Problem requirements: From the records below, output exactly the lines starting at the line with "Snooker-Spieler Mann mit" and ending at the line with "Panasonic AW-HS50N operating", both of them included, but no pictures.

Data to use:
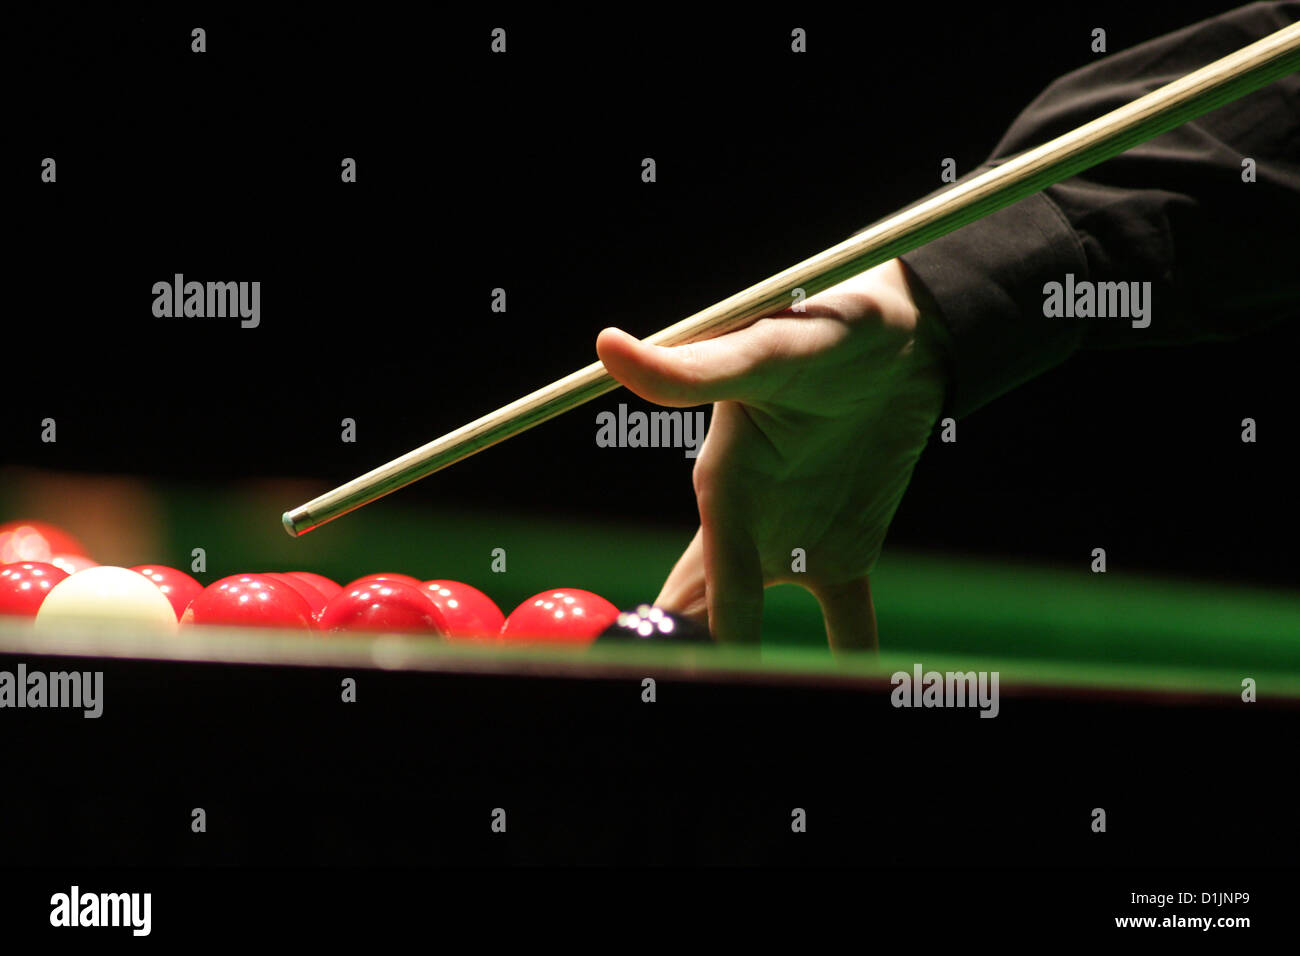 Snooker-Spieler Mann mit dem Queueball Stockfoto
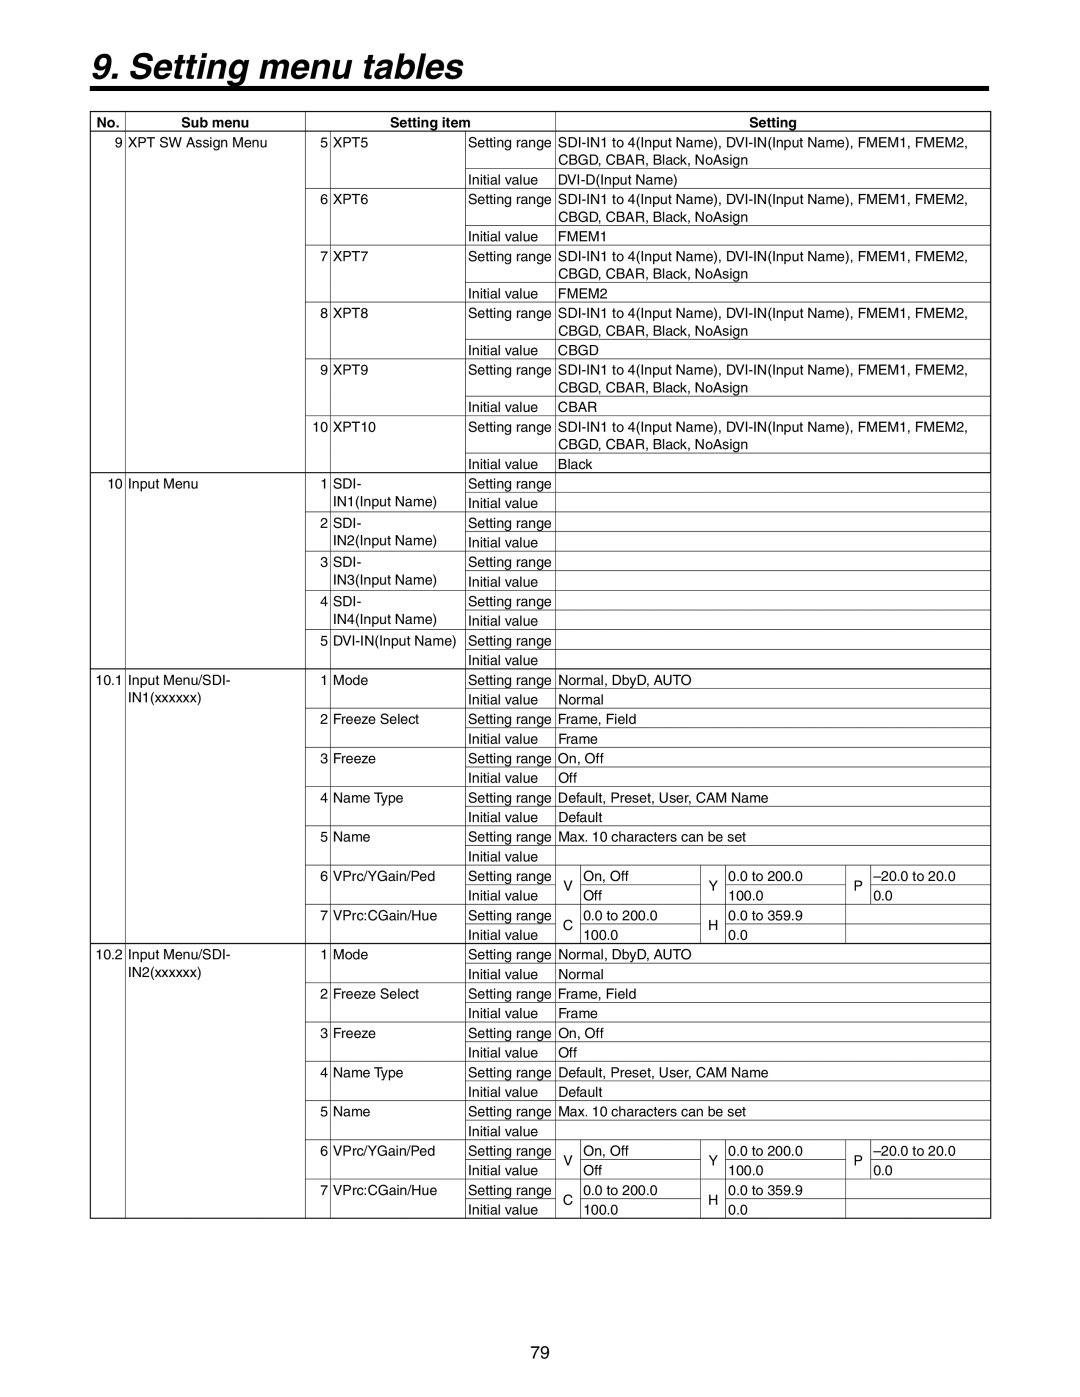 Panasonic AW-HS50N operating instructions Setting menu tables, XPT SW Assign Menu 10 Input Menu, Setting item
...
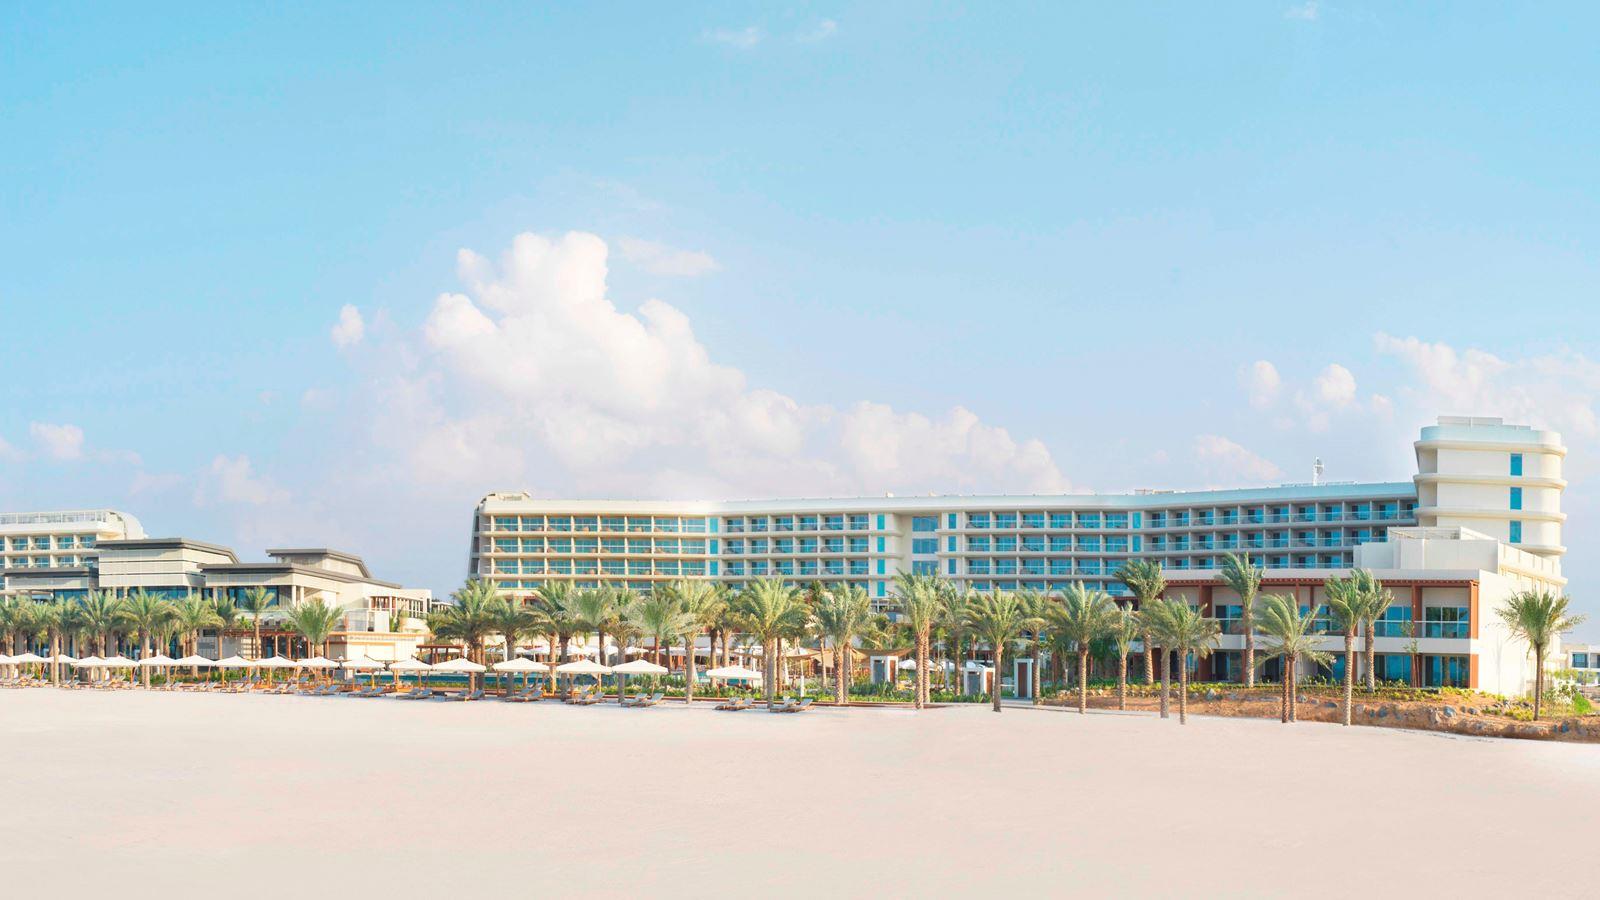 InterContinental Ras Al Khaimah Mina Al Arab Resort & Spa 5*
--
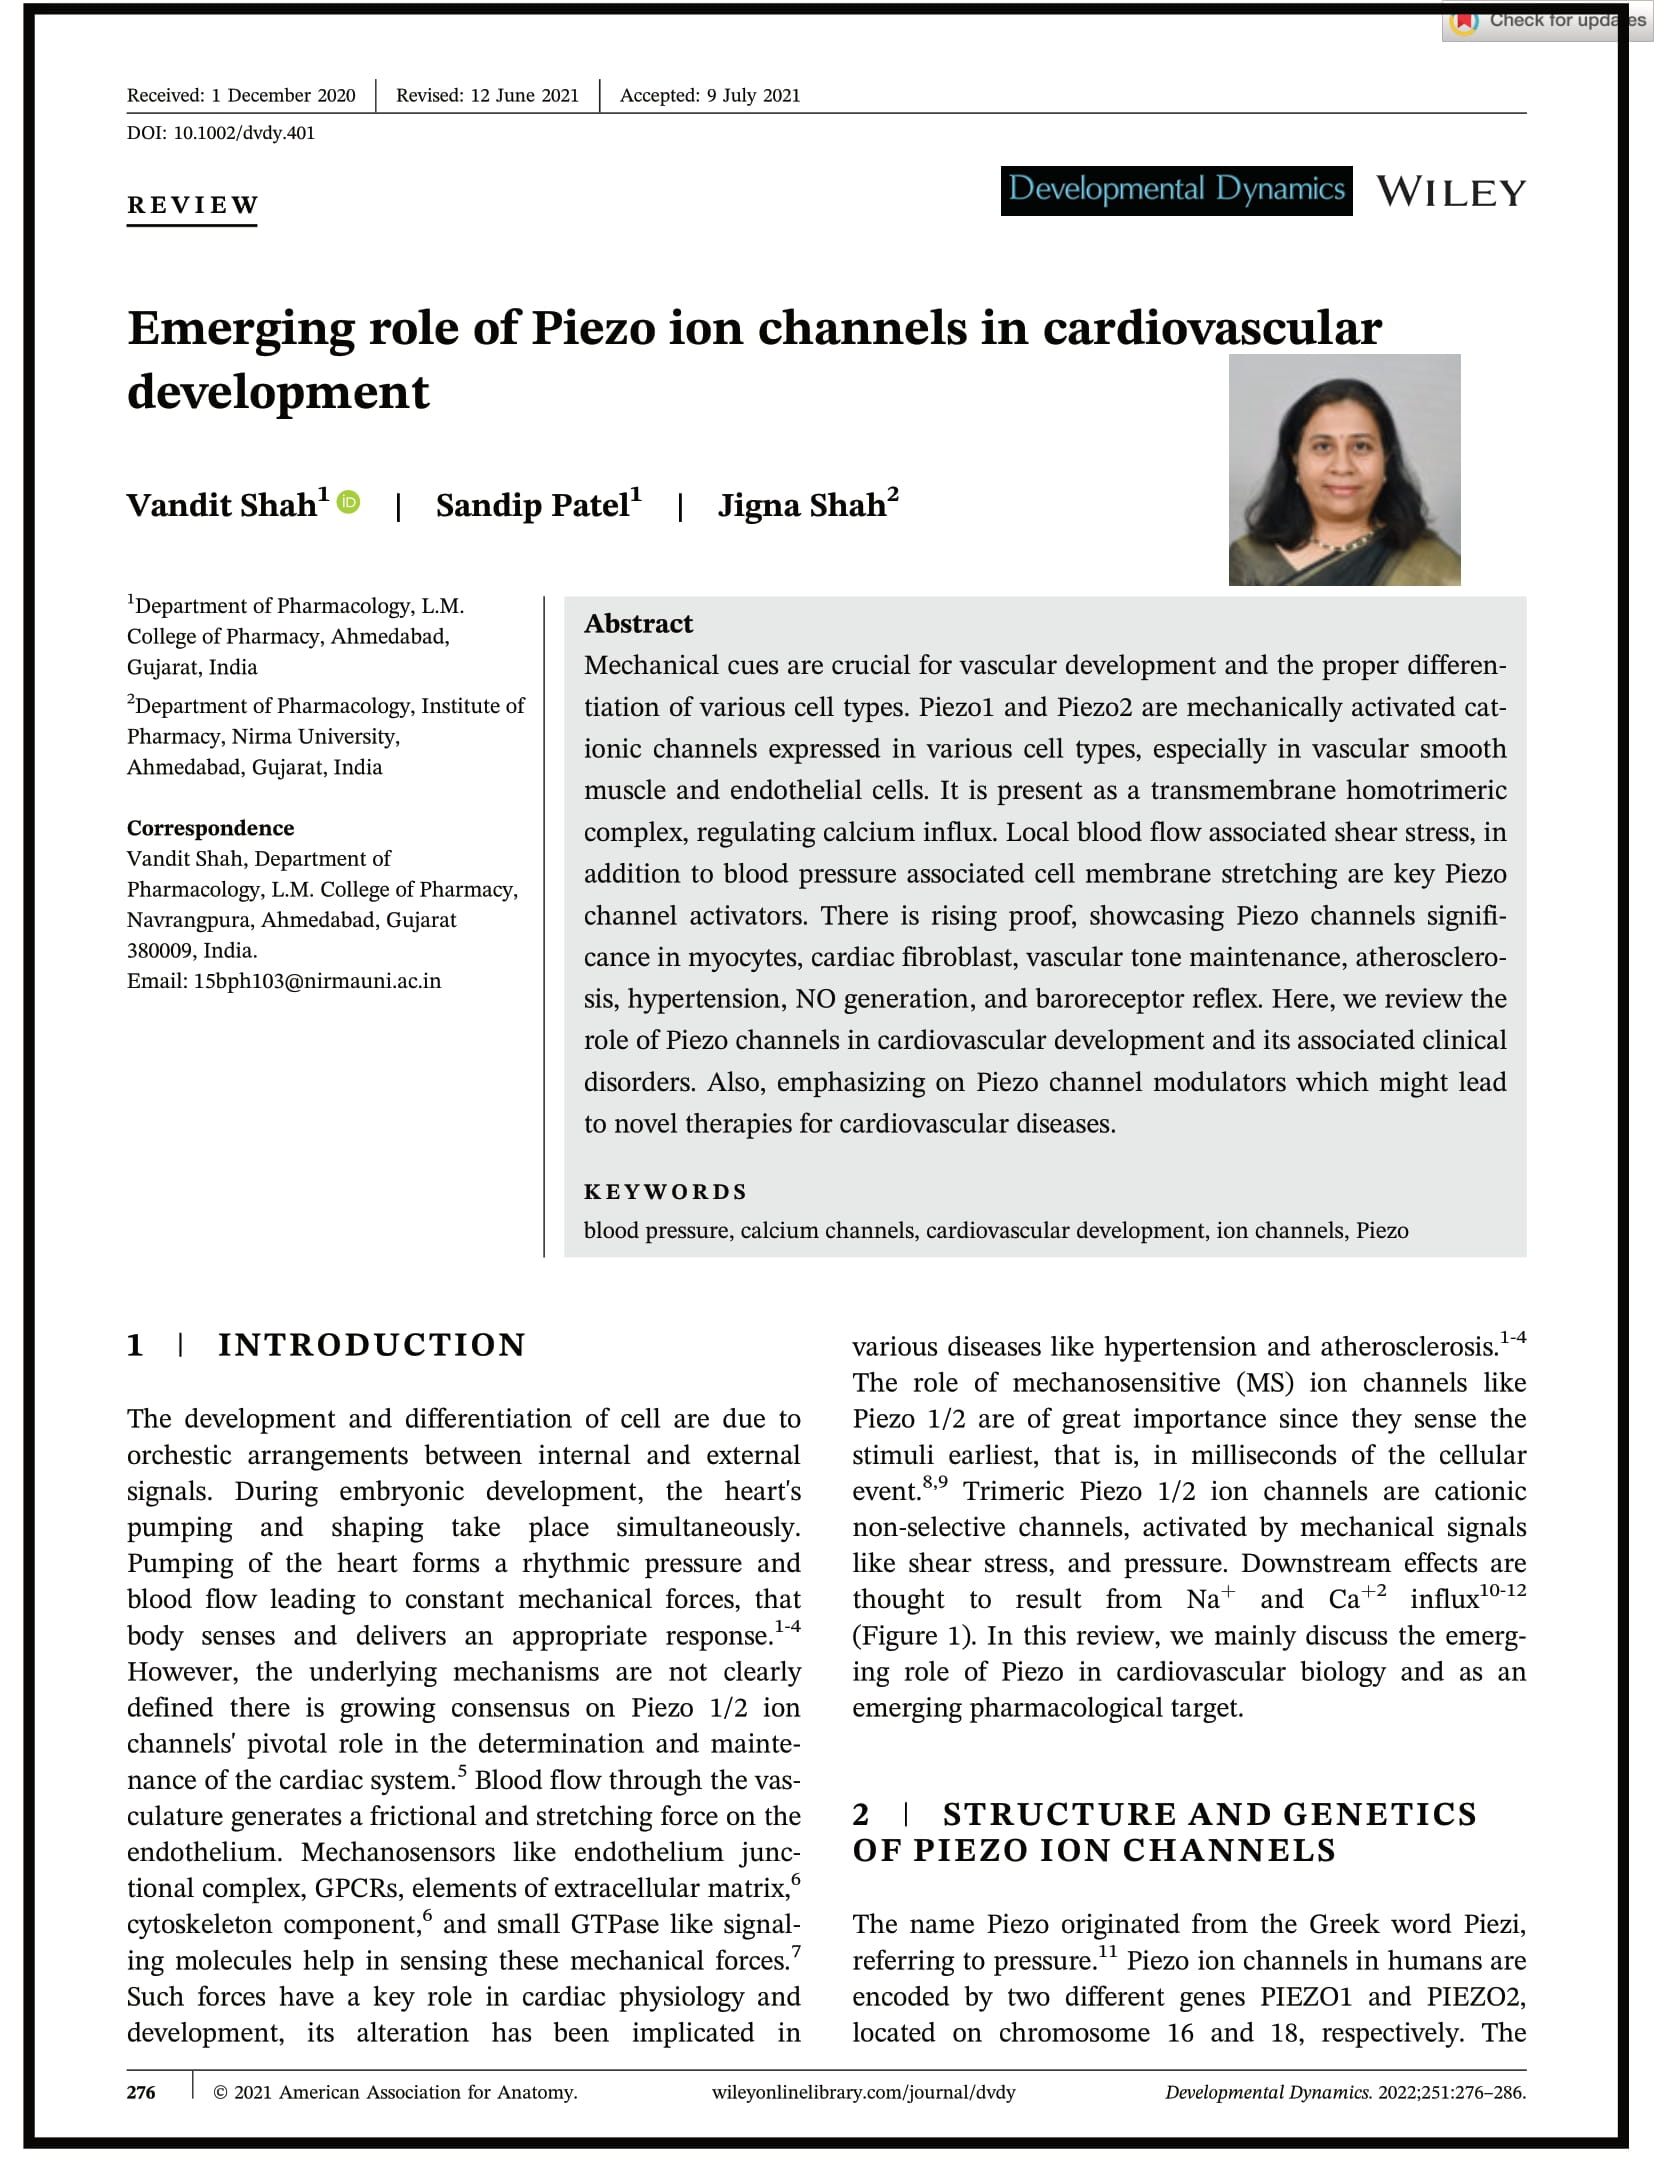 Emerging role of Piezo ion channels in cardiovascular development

Response to the exercise:
 Snooker-Spieler Mann mit dem Queueball Stockfoto
 Panasonic AW-HS50N operating instructions Setting menu tables, XPT SW Assign Menu 10 Input Menu, Setting item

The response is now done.